== Extracted material
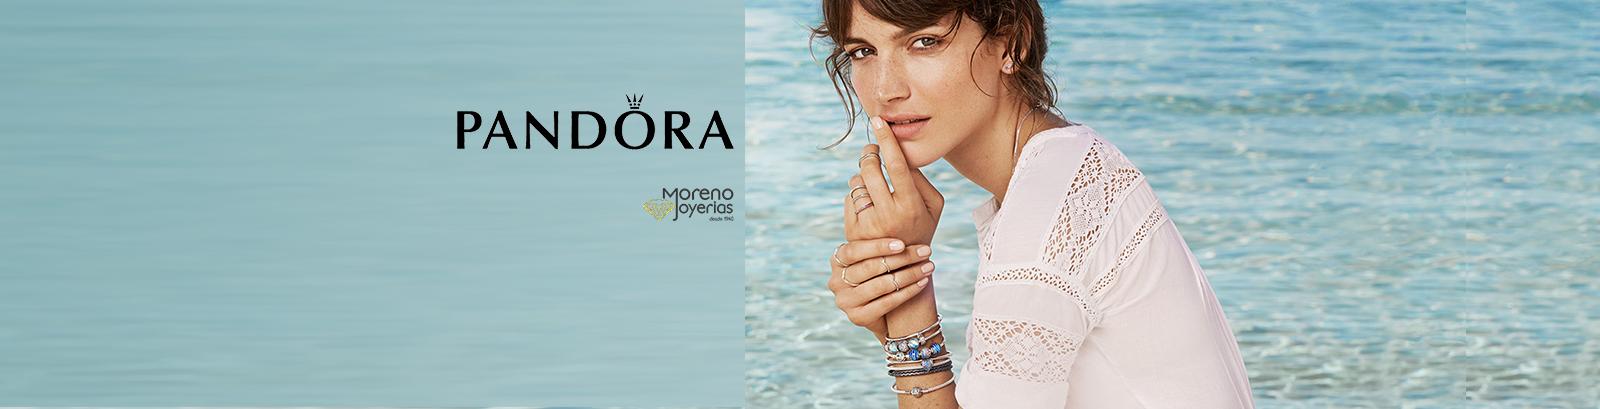 Pandora - Moreno Joyerías
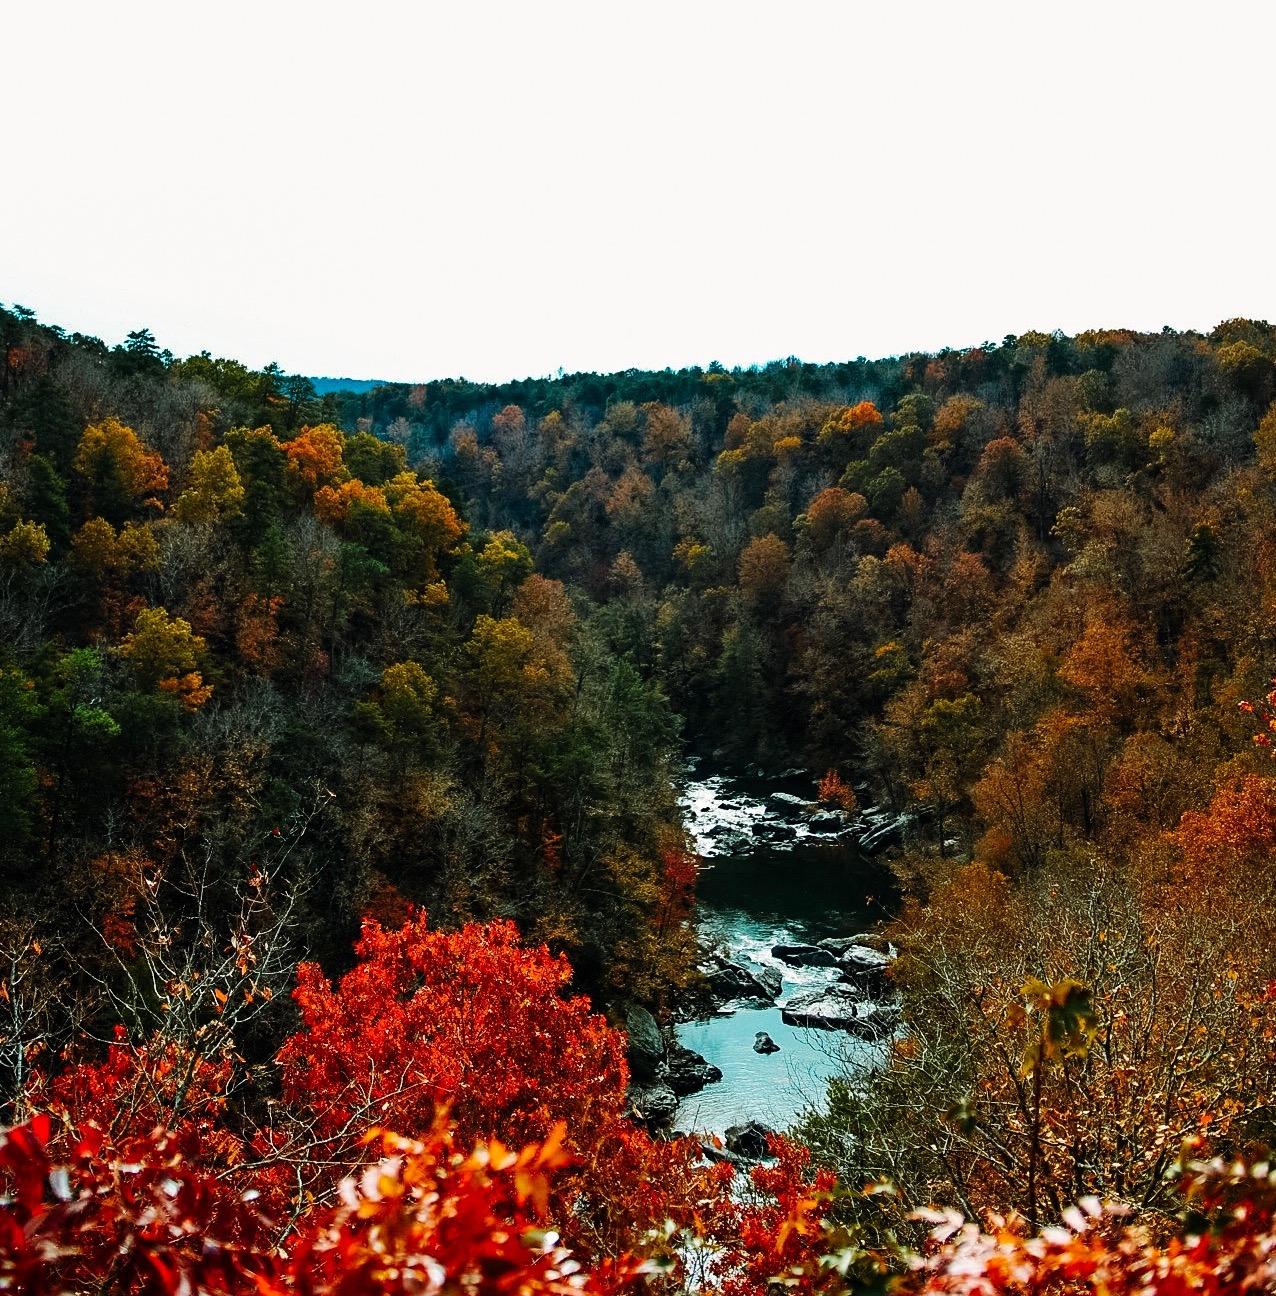 Birmingham, Little River Canyon
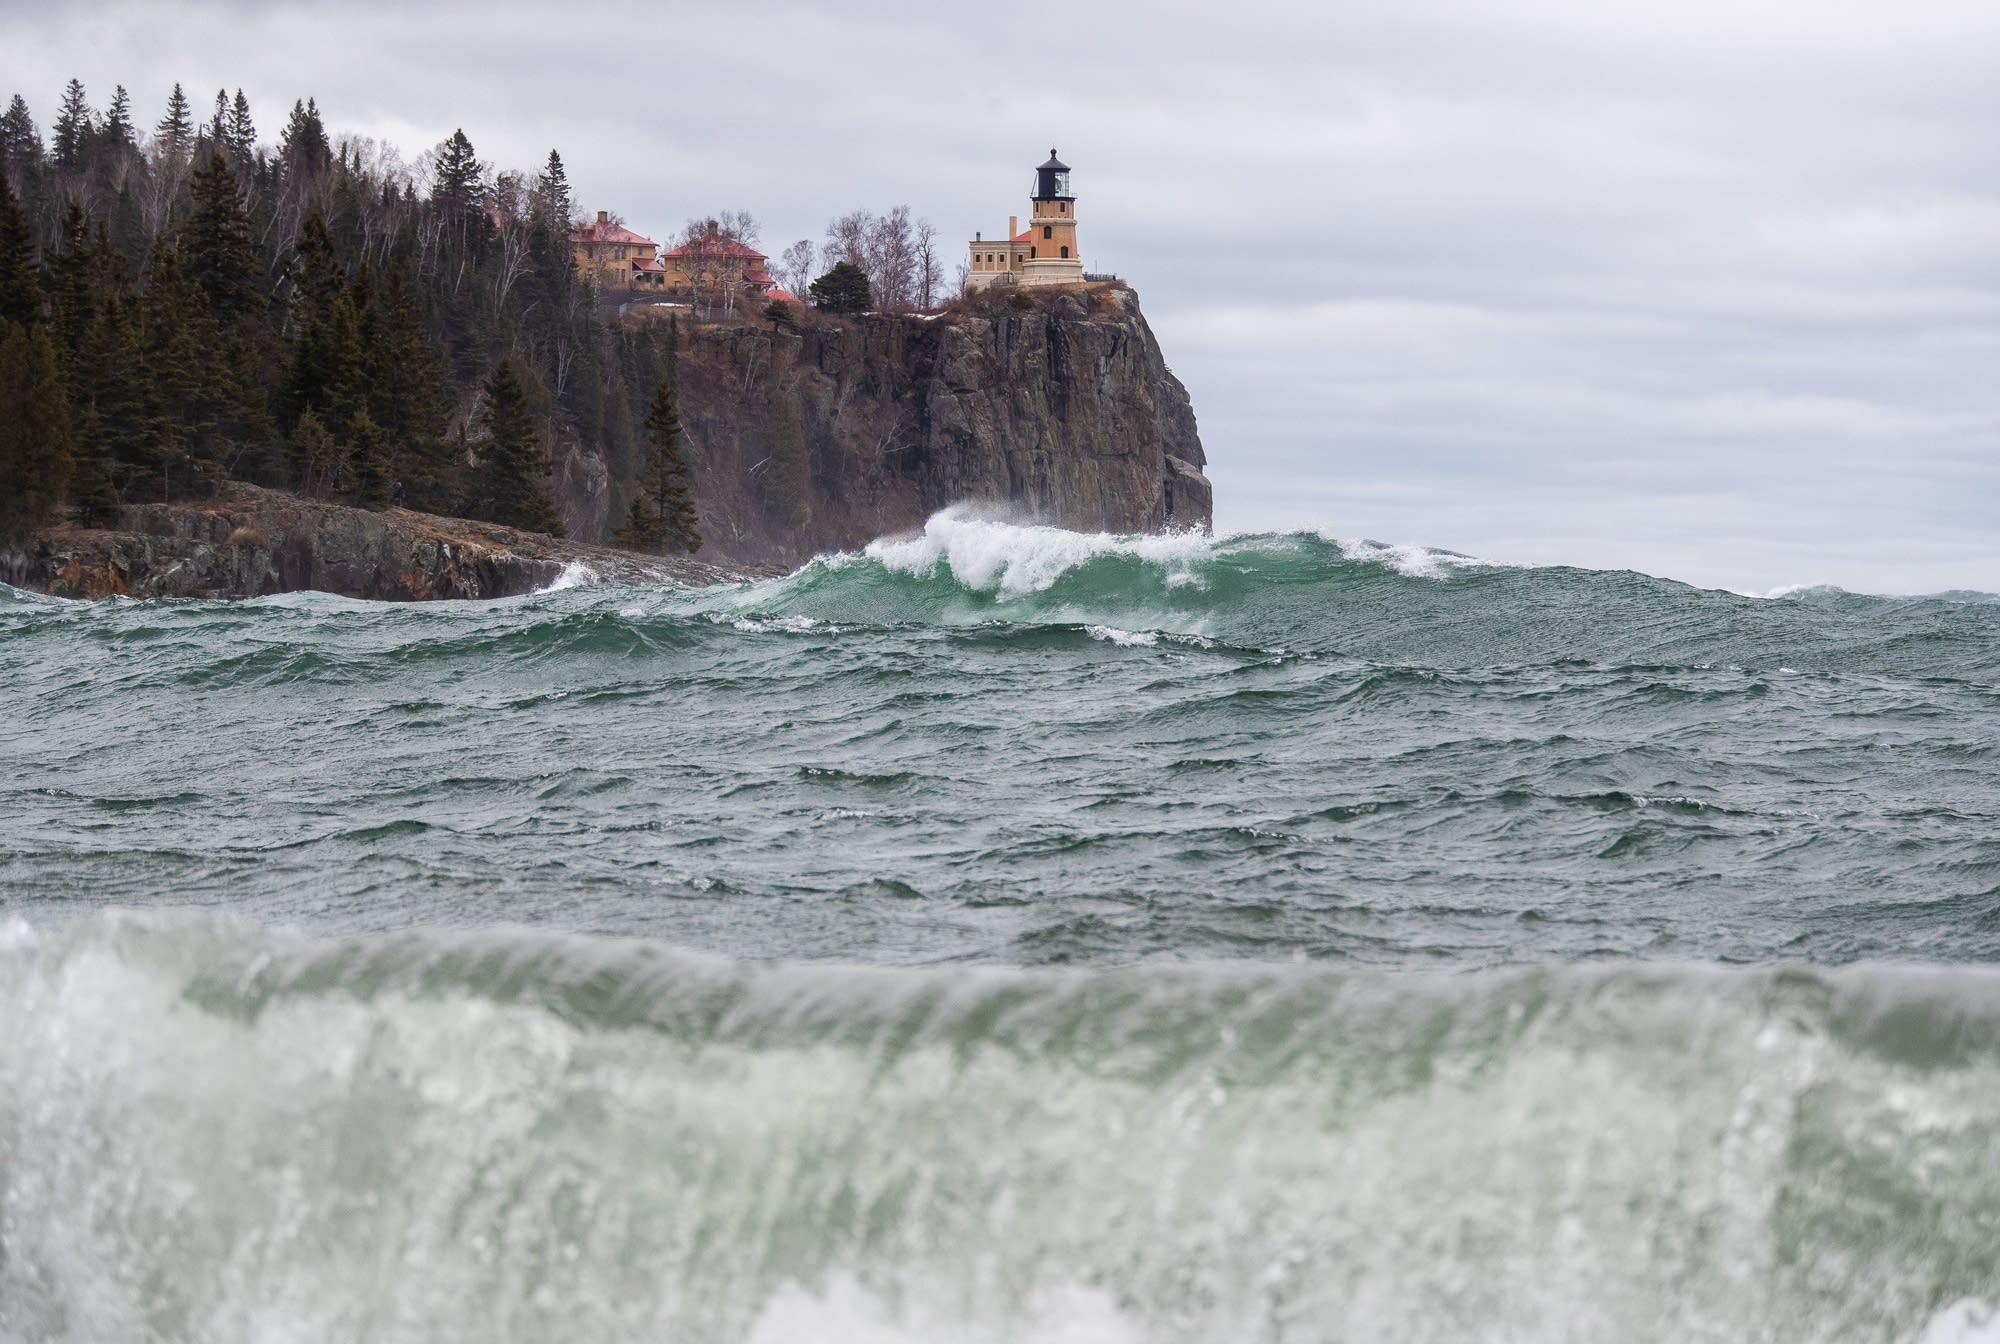 Wind and waves lash the shoreline of Split Rock State Park April 11, 2019
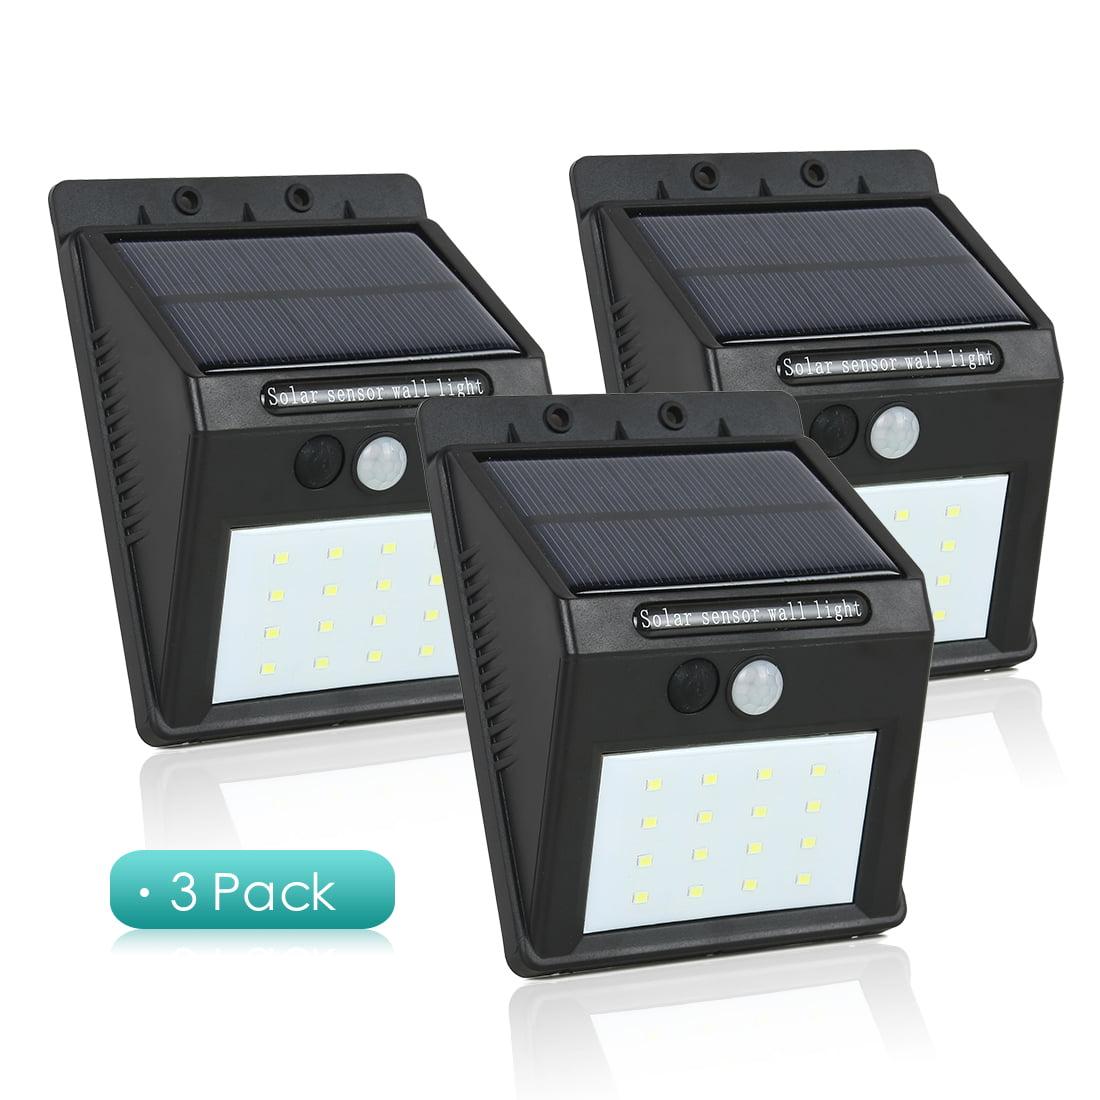 3Pcs LED Solar Light PIR CDS Motion Sensor Lamp 16 LEDs 80lm Waterproof Wireless by
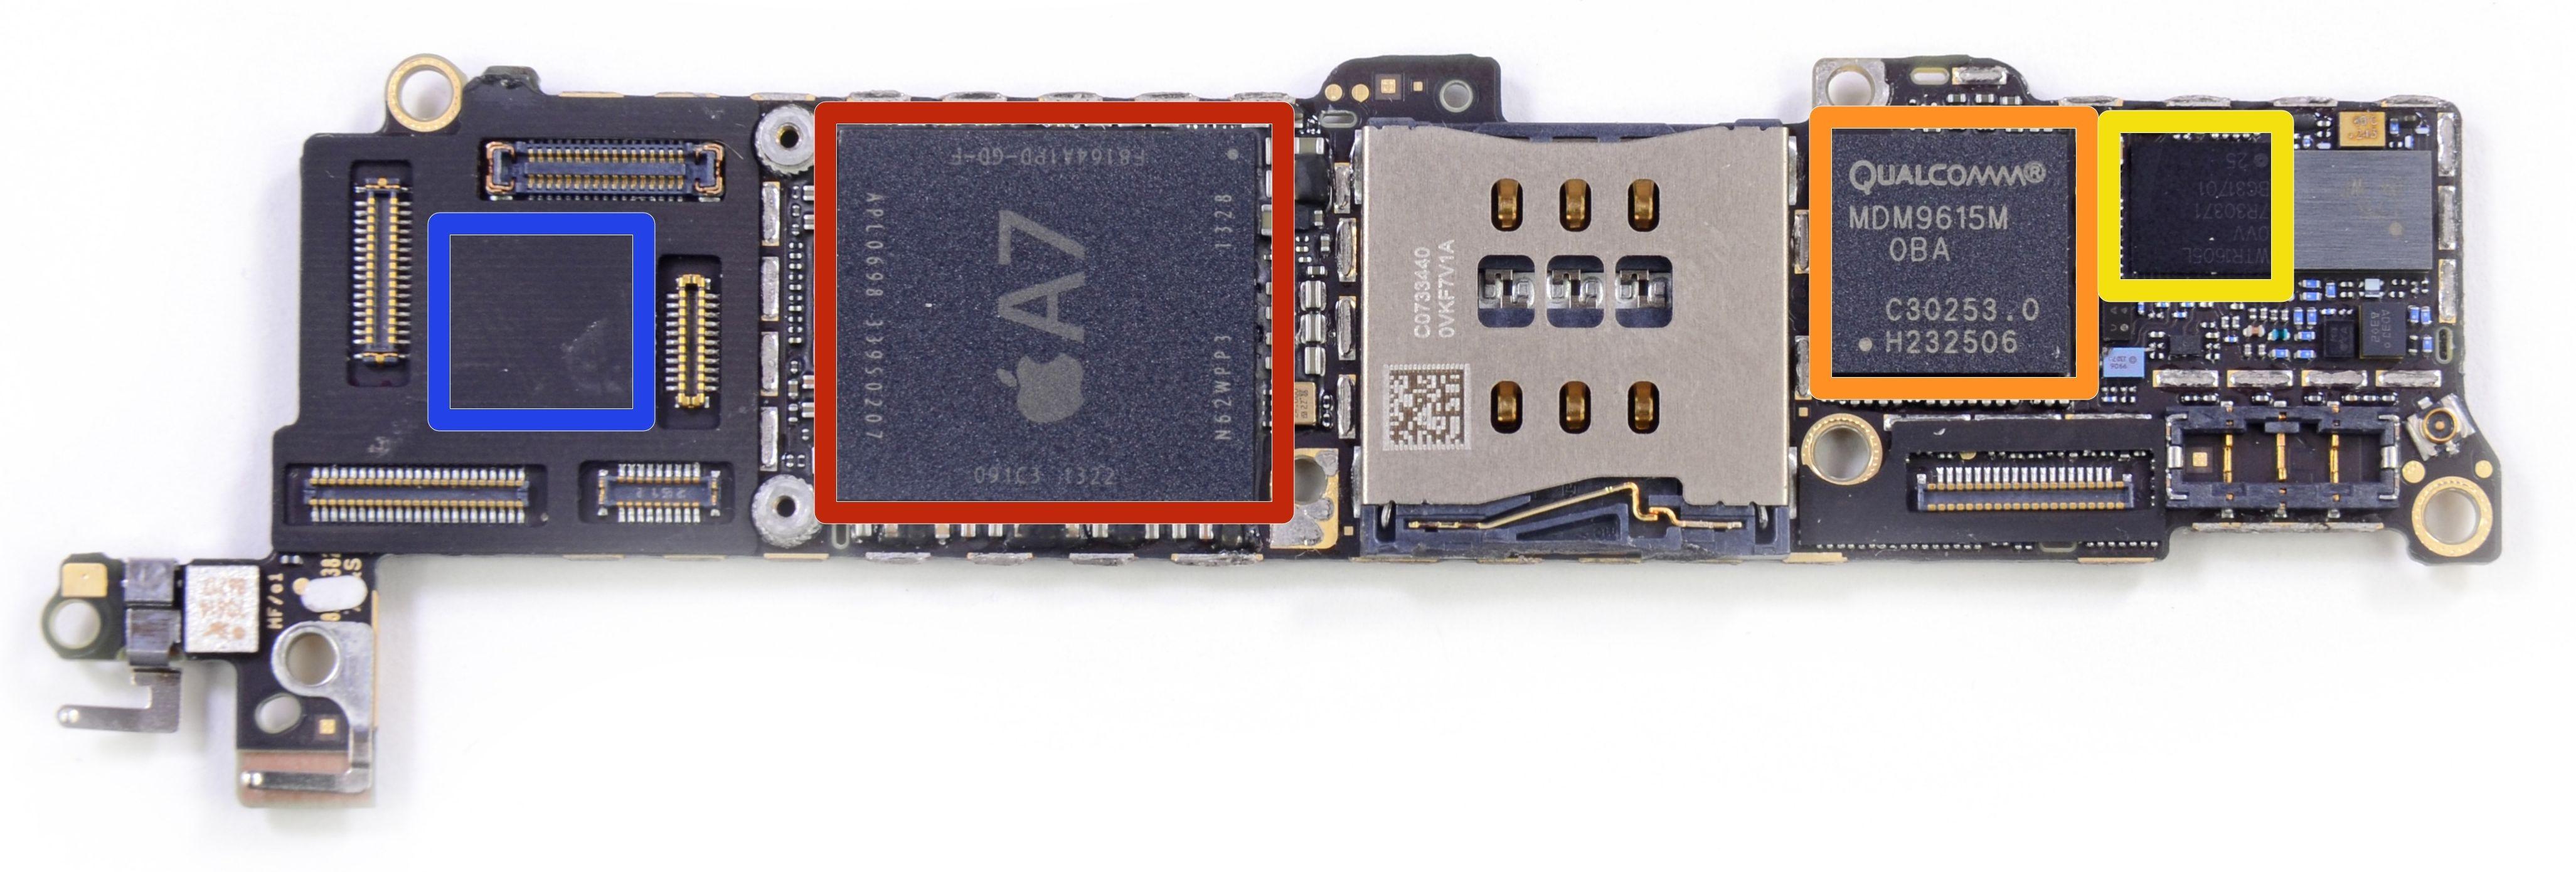 iPhone 5S teardown (iFixIt, Qualcomm baseband modem)
====
# Requirement
The expected result is the data above in exact form, free of pictures.

# Your response
 Pandora - Moreno Joyerías
 Birmingham, Little River Canyon
 Wind and waves lash the shoreline of Split Rock State Park April 11, 2019
 3Pcs LED Solar Light PIR CDS Motion Sensor Lamp 16 LEDs 80lm Waterproof Wireless by
 iPhone 5S teardown (iFixIt, Qualcomm baseband modem)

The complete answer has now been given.